• _WHAT TO DO_
Copy word for word the lines in the records below, starting at the line with "It's 2010. I'm" and ending at the line with "A-COLD-WALL* - Vector*". Skip the pictures.

Start of RAW DATA

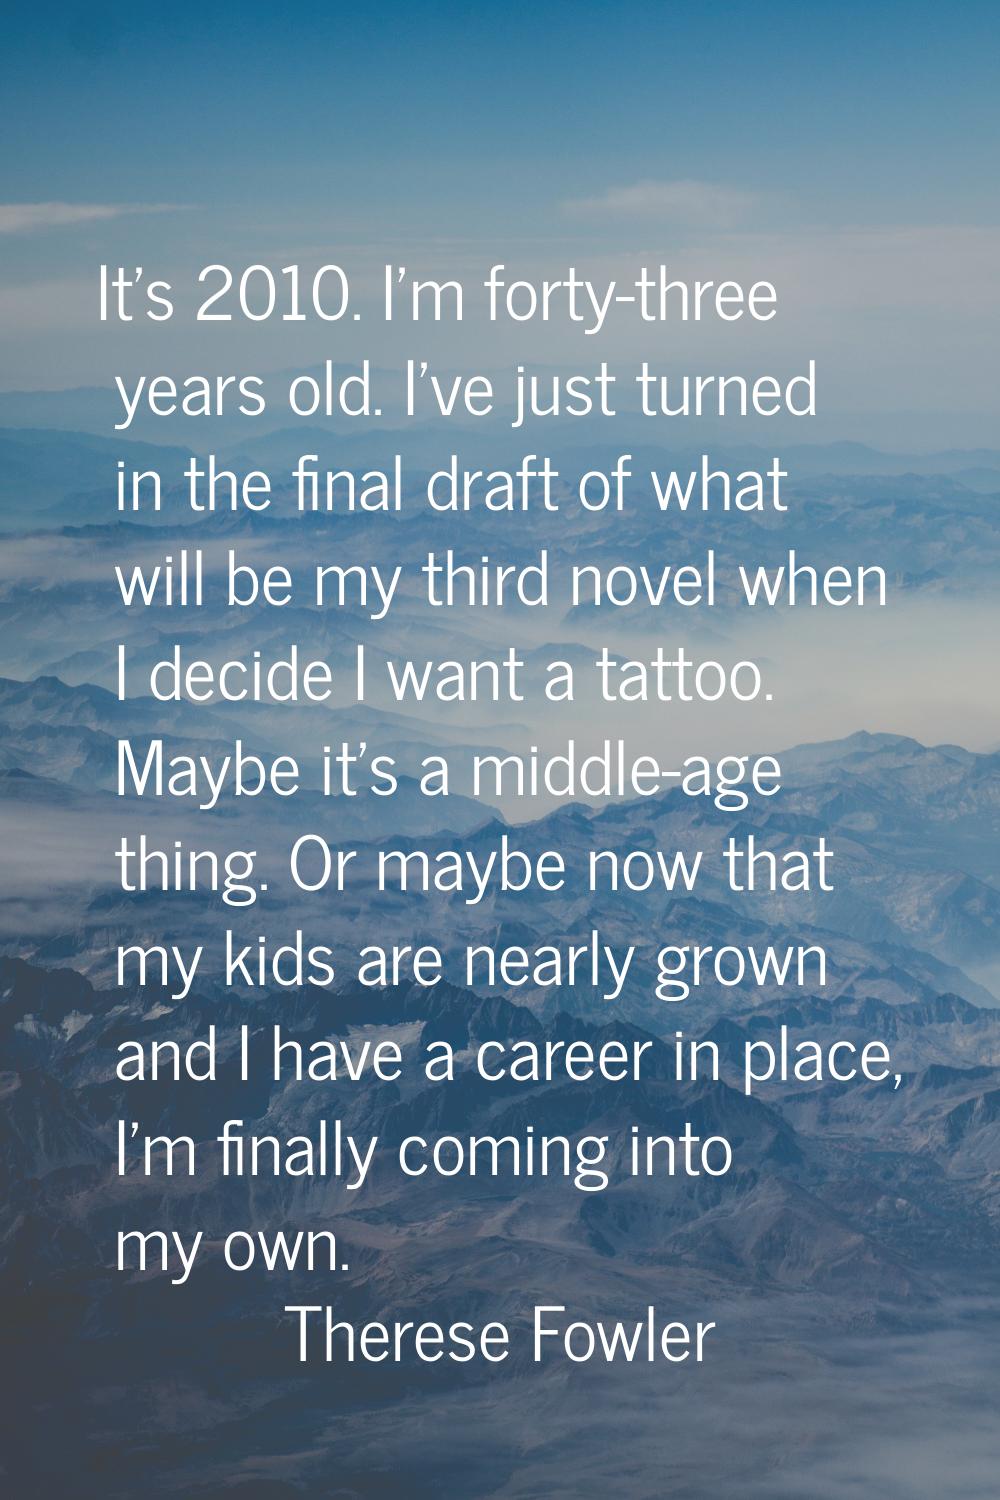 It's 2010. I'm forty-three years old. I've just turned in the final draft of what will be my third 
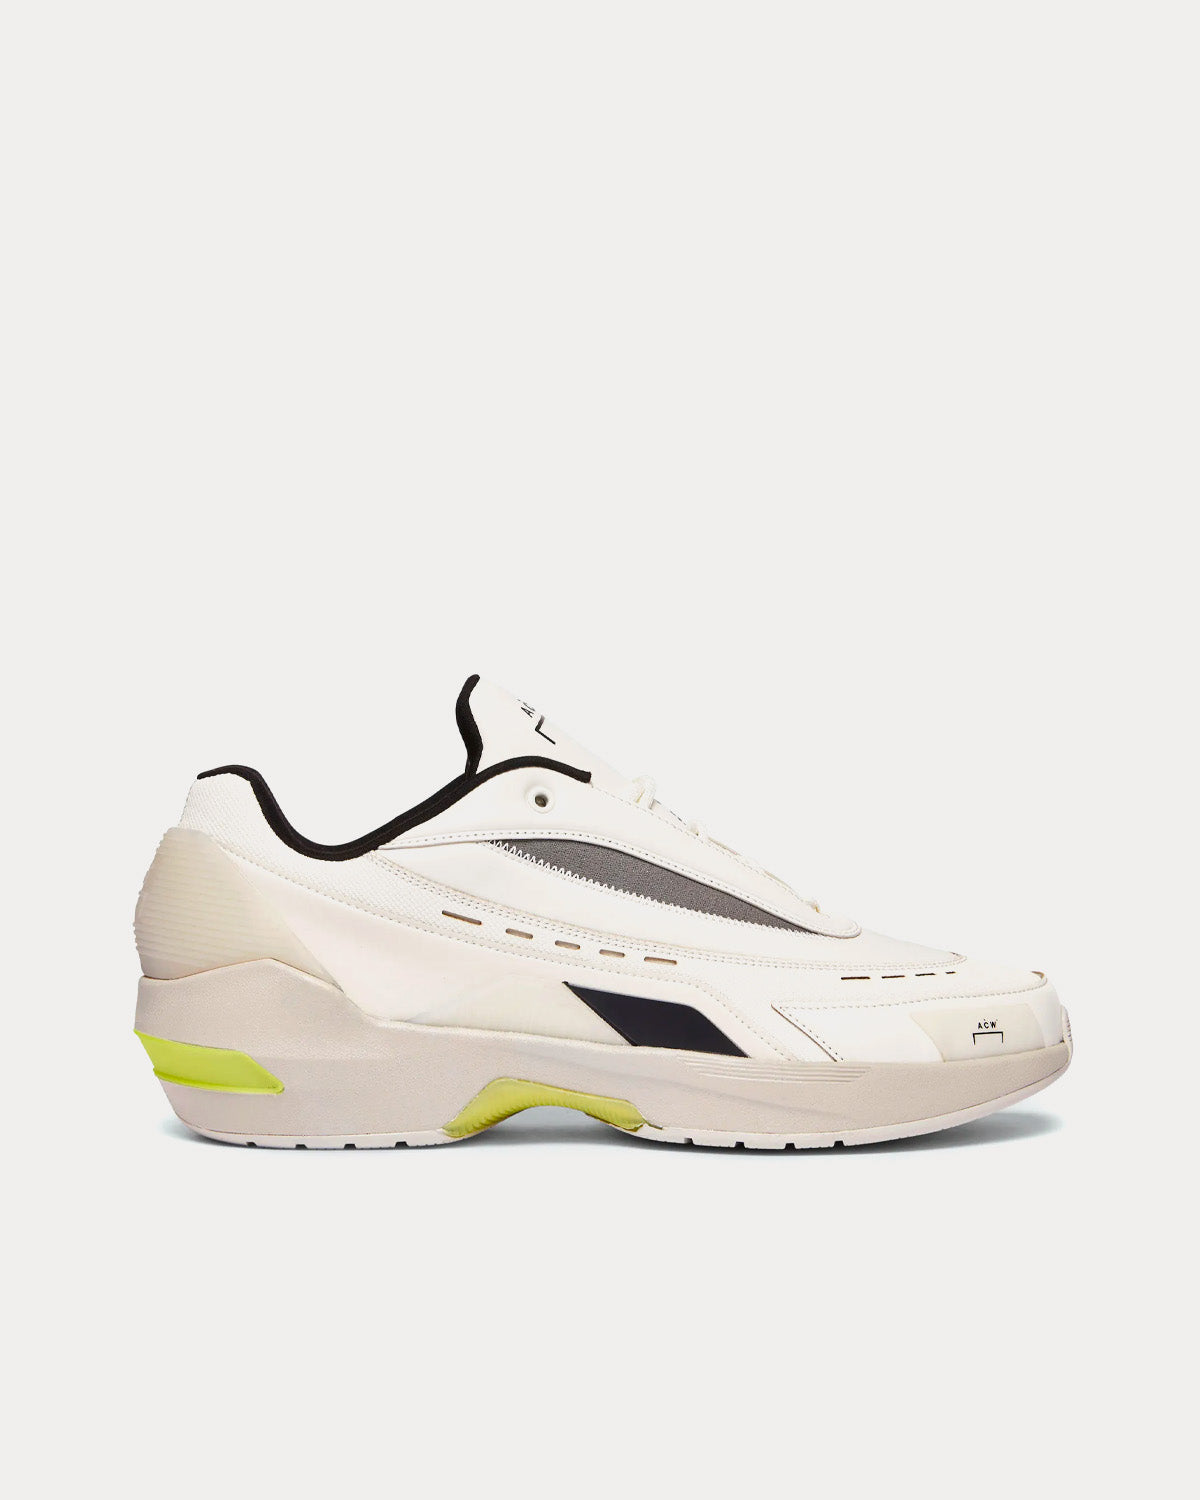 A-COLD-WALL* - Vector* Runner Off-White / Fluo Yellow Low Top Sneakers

End of RAW DATA
Start of RAW DATA

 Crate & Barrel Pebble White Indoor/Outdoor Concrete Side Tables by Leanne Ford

End of RAW DATA
Start of RAW DATA

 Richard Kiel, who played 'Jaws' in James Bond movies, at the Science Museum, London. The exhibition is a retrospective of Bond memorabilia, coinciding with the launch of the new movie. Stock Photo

End of RAW DATA

• _YOUR RESPONSE_
 It's 2010. I'm forty-three years old. I've just turned in the final draft of what will be my third 
 A-COLD-WALL* - Vector* Runner Off-White / Fluo Yellow Low Top Sneakers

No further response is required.